Exhibit 5.1
| | | | |
![LOGO](https://capedge.com/proxy/S-3MEF/0001193125-21-215939/g140842g99f48.jpg) | | 801 California Street | | 650.988.8500 |
| Mountain View, CA 94041 | | Fenwick.com |
July 15, 2021
Marin Software Incorporated
123 Mission Street, 27th Floor
San Francisco, California 94105
Gentlemen/Ladies:
At your request, we have examined the Registration Statement on Form S-3 (the “Registration Statement”) filed by Marin Software Incorporated, a Delaware corporation (the “Company”), with the Securities and Exchange Commission on July 15, 2021 pursuant to Rule 462(b) of the Securities Act of 1933, as amended (the “Securities Act”), in connection with the registration of an indeterminate amount of shares of the Company’s common stock, par value $0.001 per share (the “Common Stock”), having a maximum aggregate offering price of $3,000,000 (the “Shares”).
In connection with our opinion, we have examined such matters of fact as we have deemed necessary, which included examination of originals or copies of the Company’s current certificate of incorporation and bylaws, as amended (collectively, the “Charter Documents”), the Registration Statement and the exhibits thereto; certain corporate proceedings of the Company’s board of directors (the “Board”), committees of the Board and stockholders relating to adoption or approval of the Charter Documents, the reservation of the Shares, the filing of the Registration Statement and the registration of the issuance and sale of the Shares under the Securities Act, documents (including confirmations from the Company’s transfer agent) regarding the Company’s outstanding and reserved capital stock and other securities, and such other documents as we have deemed advisable, and we have examined such questions of law as we have considered necessary.

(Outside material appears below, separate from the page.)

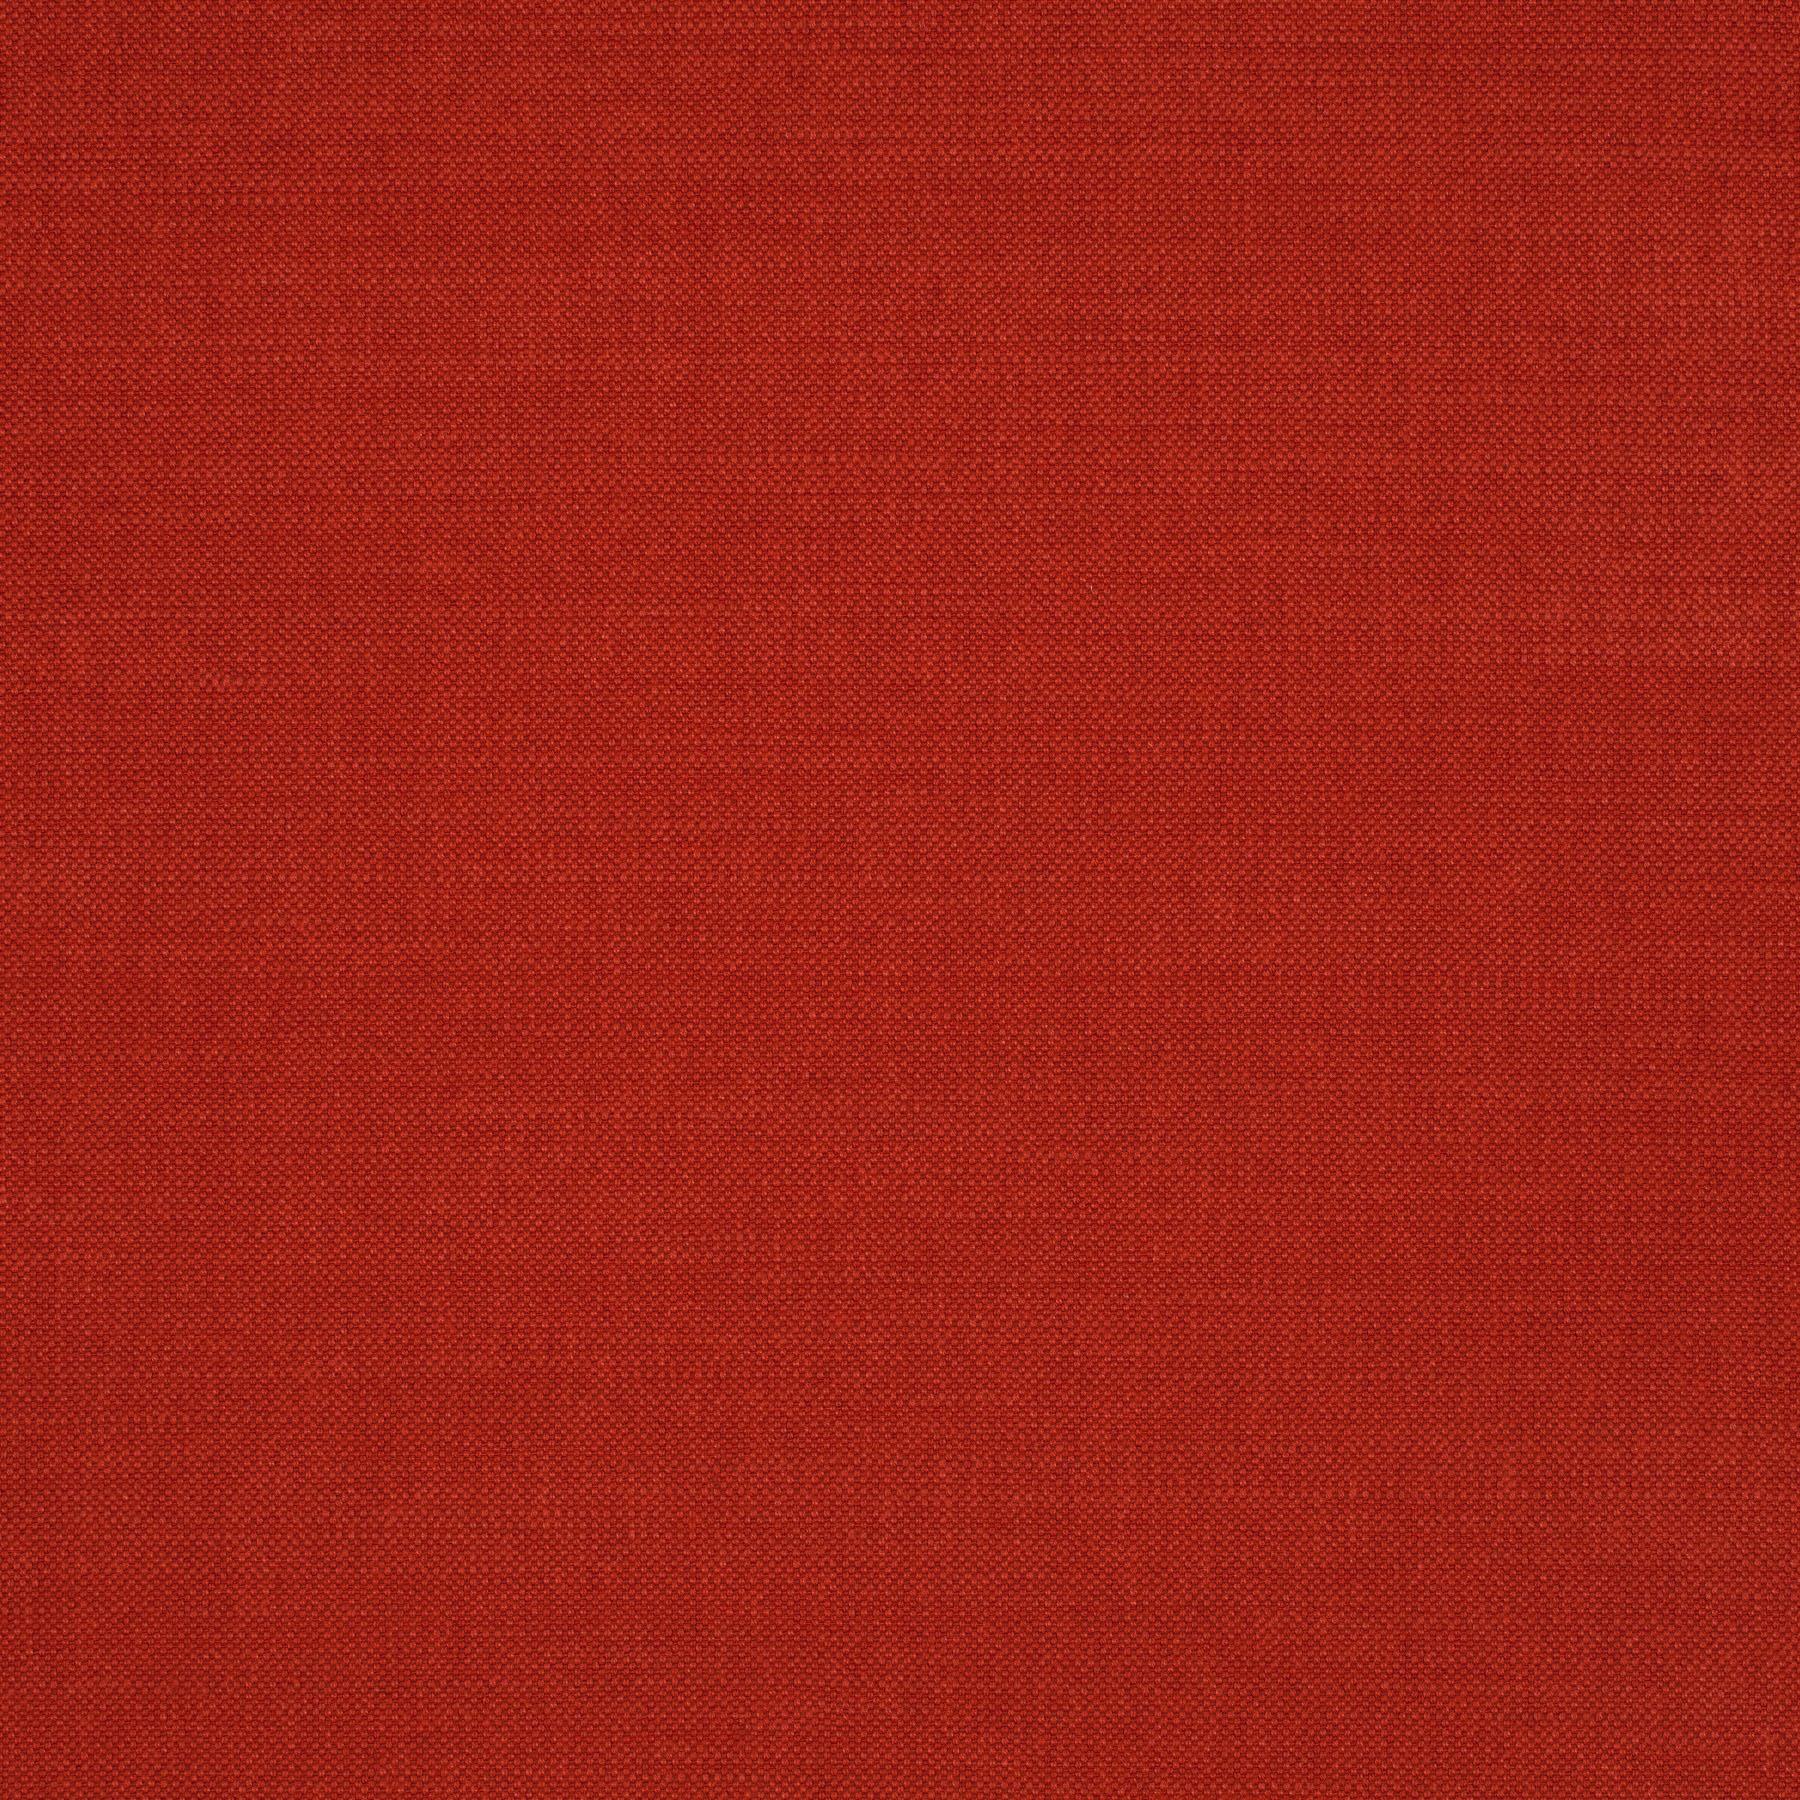 bordeaux rød hot madison-0

In our examination of documents for purposes of this opinion, we have assumed, and express no opinion as to, the genuineness of all signatures on original documents, the authenticity and completeness of all documents submitted to us as originals, the conformity to originals and completeness of all documents submitted to us as copies, the legal capacity of all persons or entities (other than the Company) executing the same, the lack of any undisclosed termination, modification, waiver or amendment to any document reviewed by us.
We have also assumed that any certificates or instruments representing the Shares, when issued, will be executed by the Company by officers of the Company duly authorized to do so. Furthermore, with respect to the Company’s uncertificated capital stock, we assume that issued Common Stock, including any Shares, will not be reissued by the Company in uncertificated form until any previously issued stock certificate representing such issued Common Stock has been surrendered to the Company in accordance with Section 158 of the Delaware General Corporation Law (the “DGCL”), and that the Company will properly register the transfer of the Common Stock to the purchasers of such Common Stock on the Company’s record of uncertificated securities.
In rendering our opinion, we have also relied upon certifications made to us by the Company, including, without limitation, representations in an Opinion Certificate addressed to us of even date herewith, that the Company has available a sufficient number of authorized shares of Common Stock that are not currently outstanding or reserved for issuance under other outstanding securities or plans of the Company, to enable the Company to issue and deliver all of the Shares as of the date of this letter.